Work order:
Return the lines of the data below starting at the one holding "Roku Starts Rolling" and ending at the one holding "Bright Particles Space", word for word, leaving every picture out.

Data to use:

☆ ☆ ☆

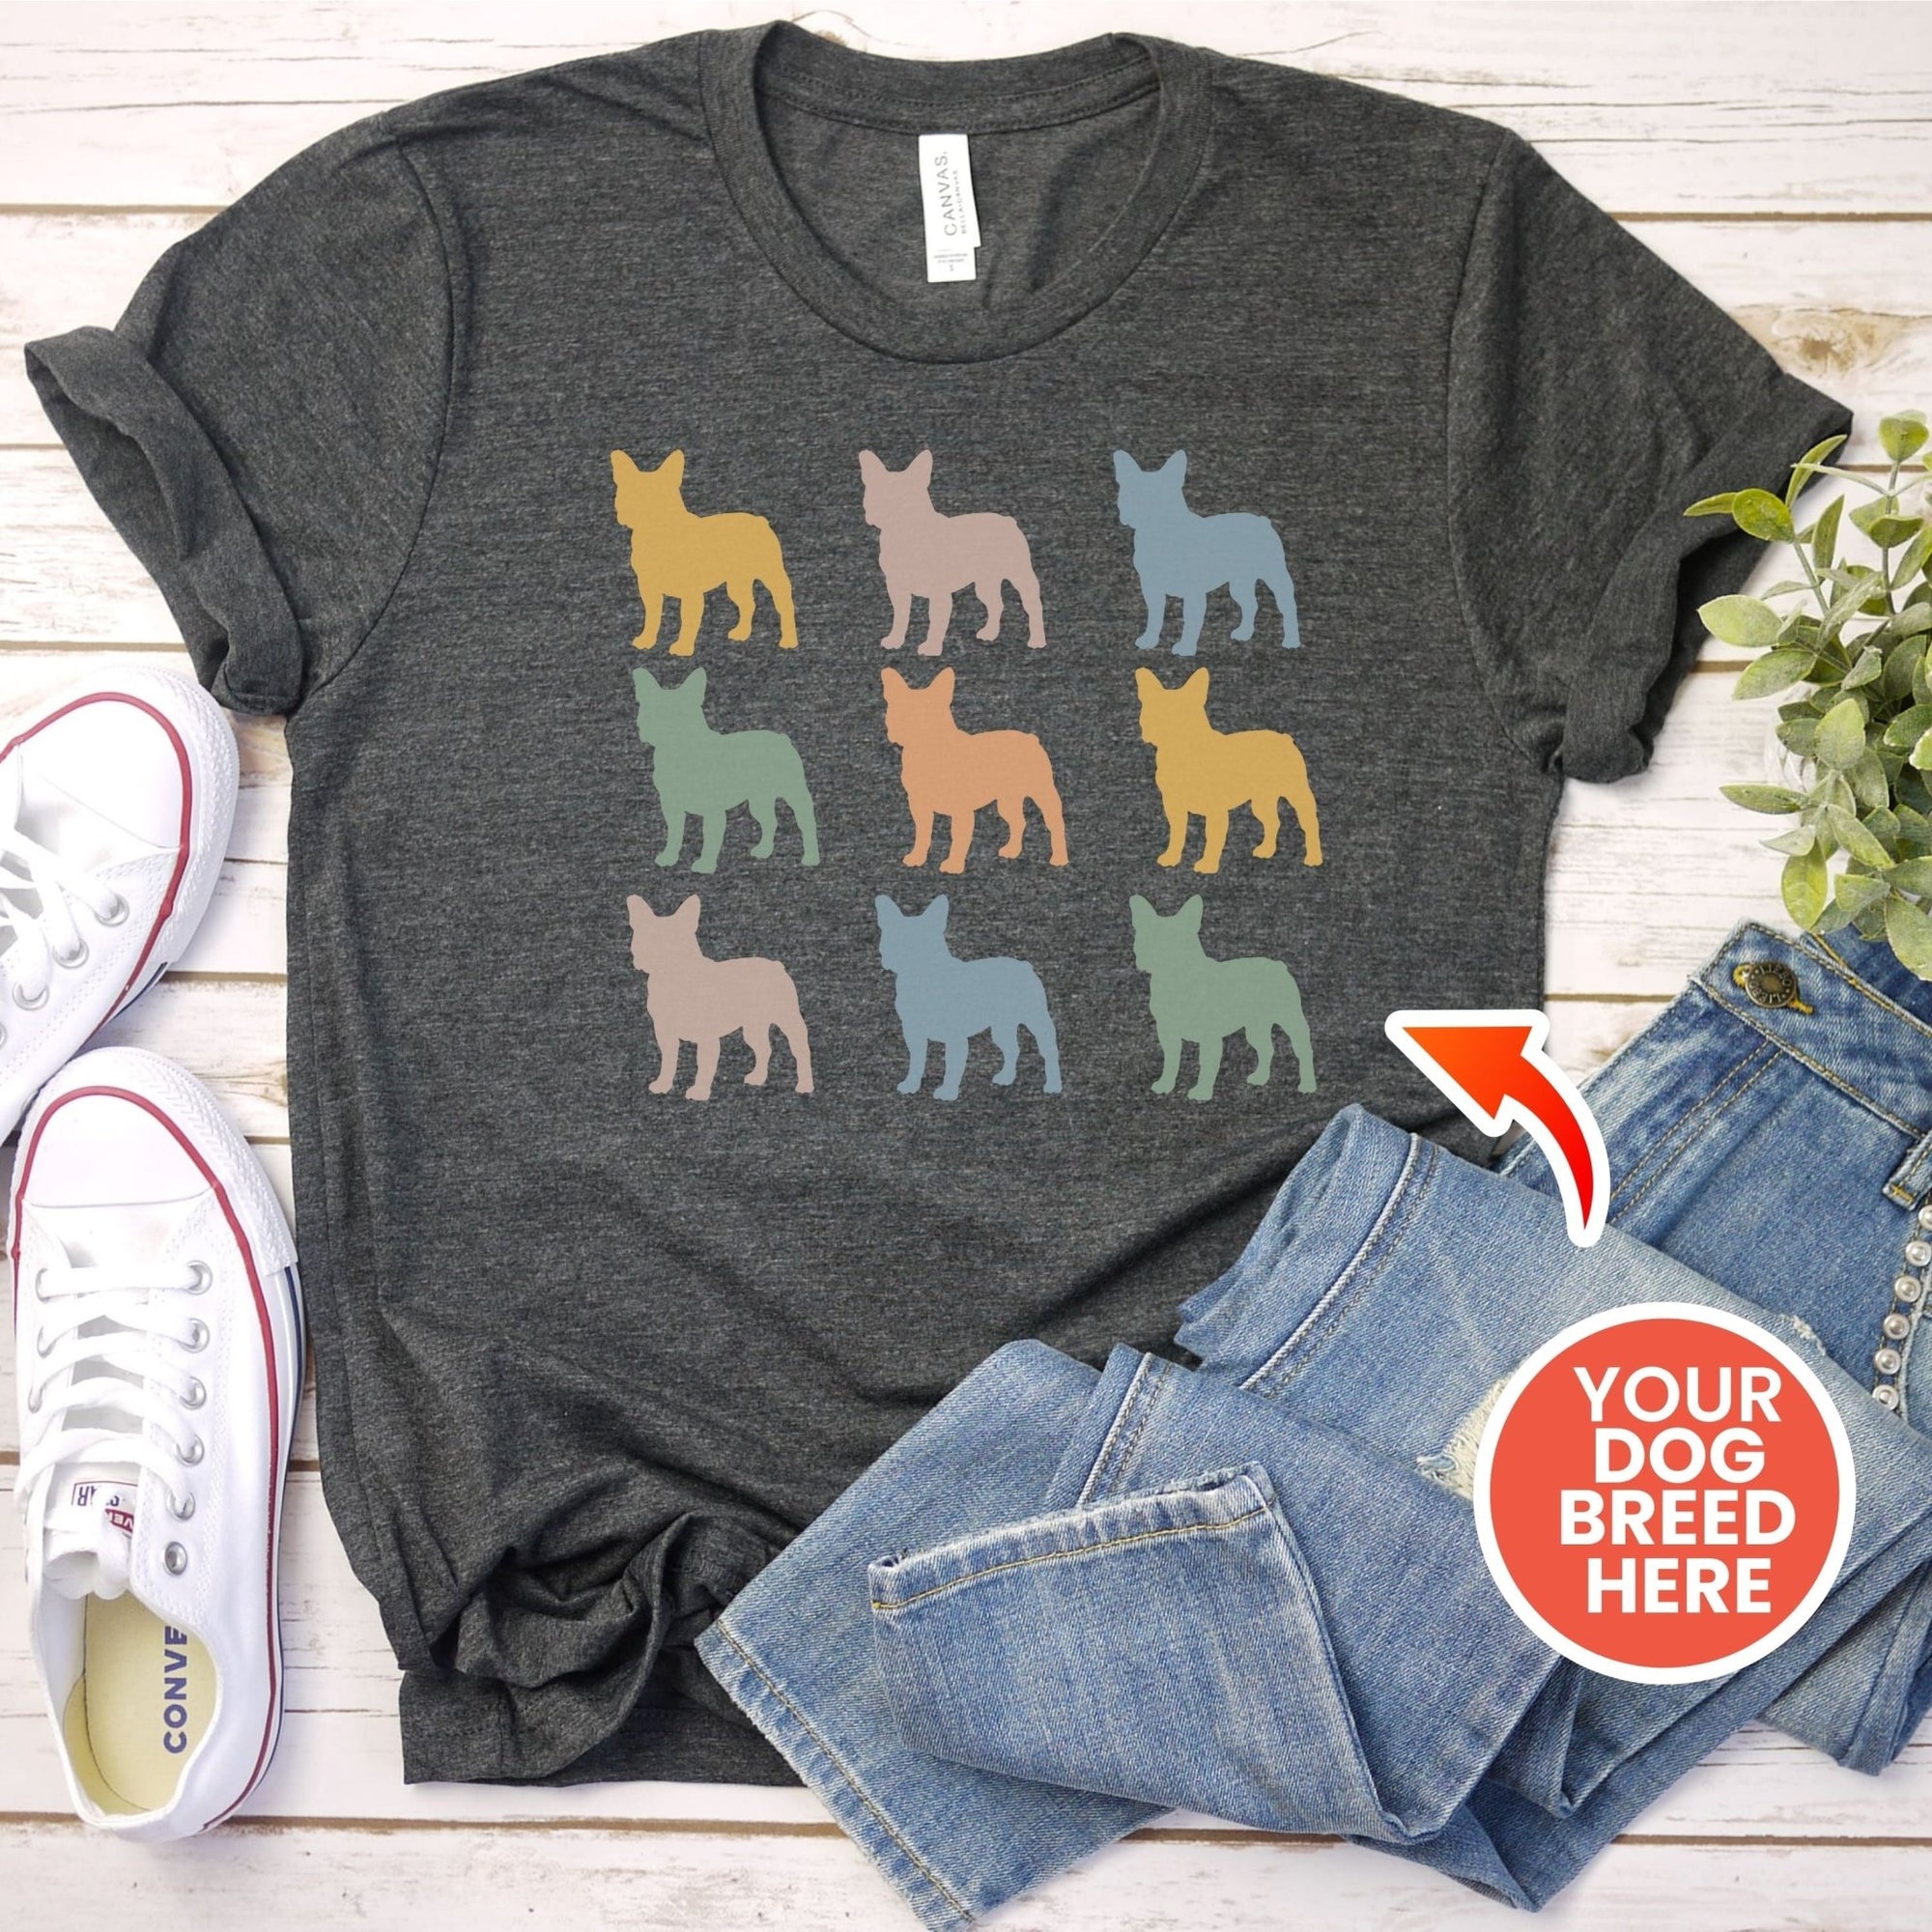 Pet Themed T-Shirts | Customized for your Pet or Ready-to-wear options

☆ ☆ ☆

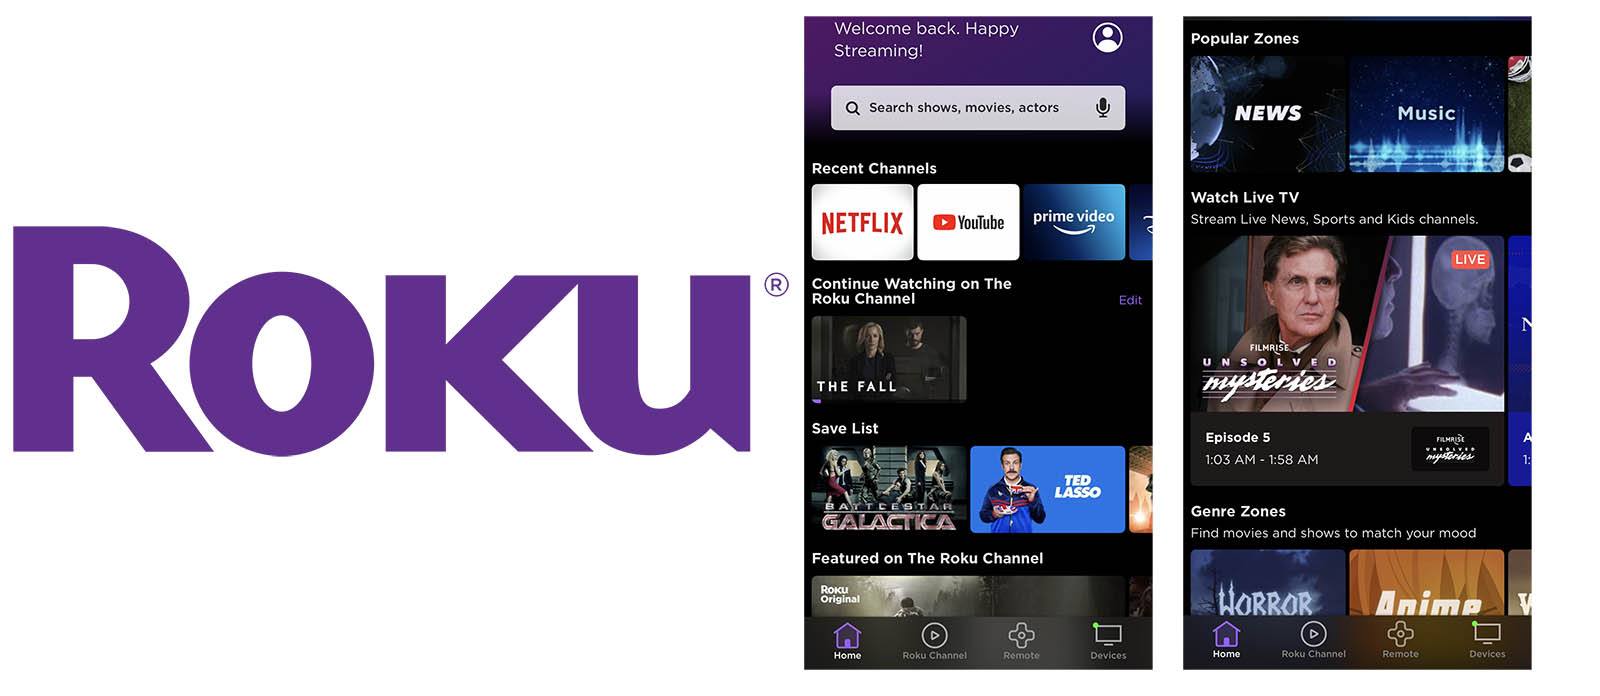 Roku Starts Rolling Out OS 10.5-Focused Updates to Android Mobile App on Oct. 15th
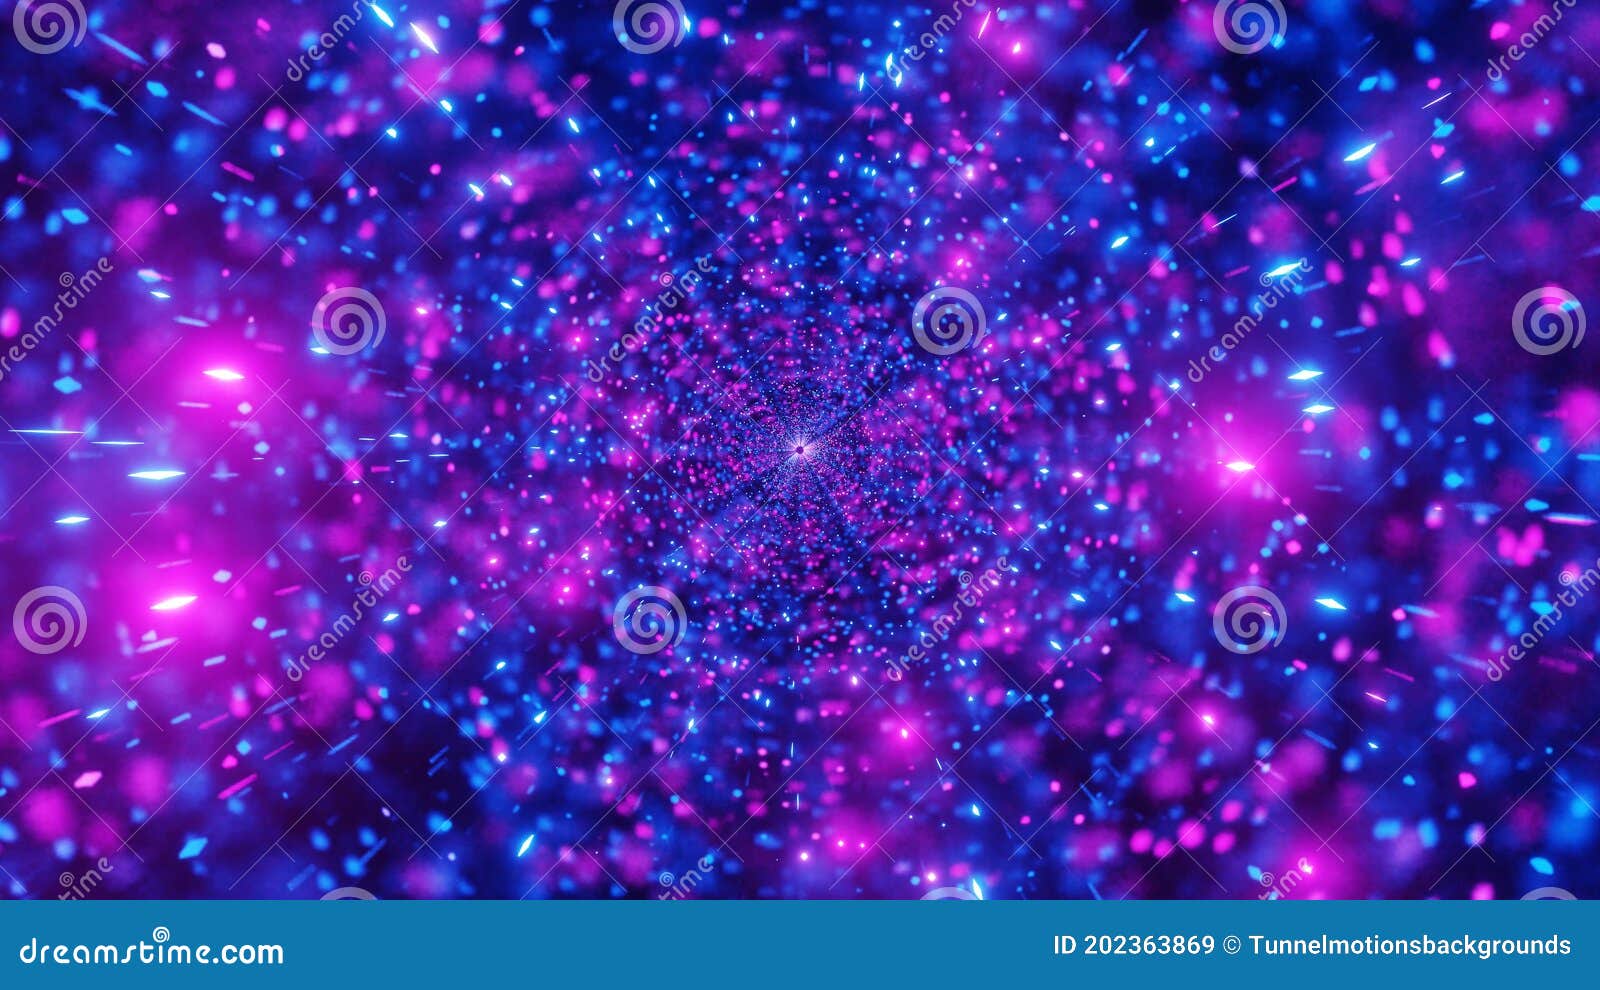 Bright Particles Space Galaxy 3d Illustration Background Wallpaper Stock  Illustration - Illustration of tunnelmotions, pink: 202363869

☆ ☆ ☆

Answer to the exercise:
 Roku Starts Rolling Out OS 10.5-Focused Updates to Android Mobile App on Oct. 15th
 Bright Particles Space Galaxy 3d Illustration Background Wallpaper Stock  Illustration - Illustration of tunnelmotions, pink: 202363869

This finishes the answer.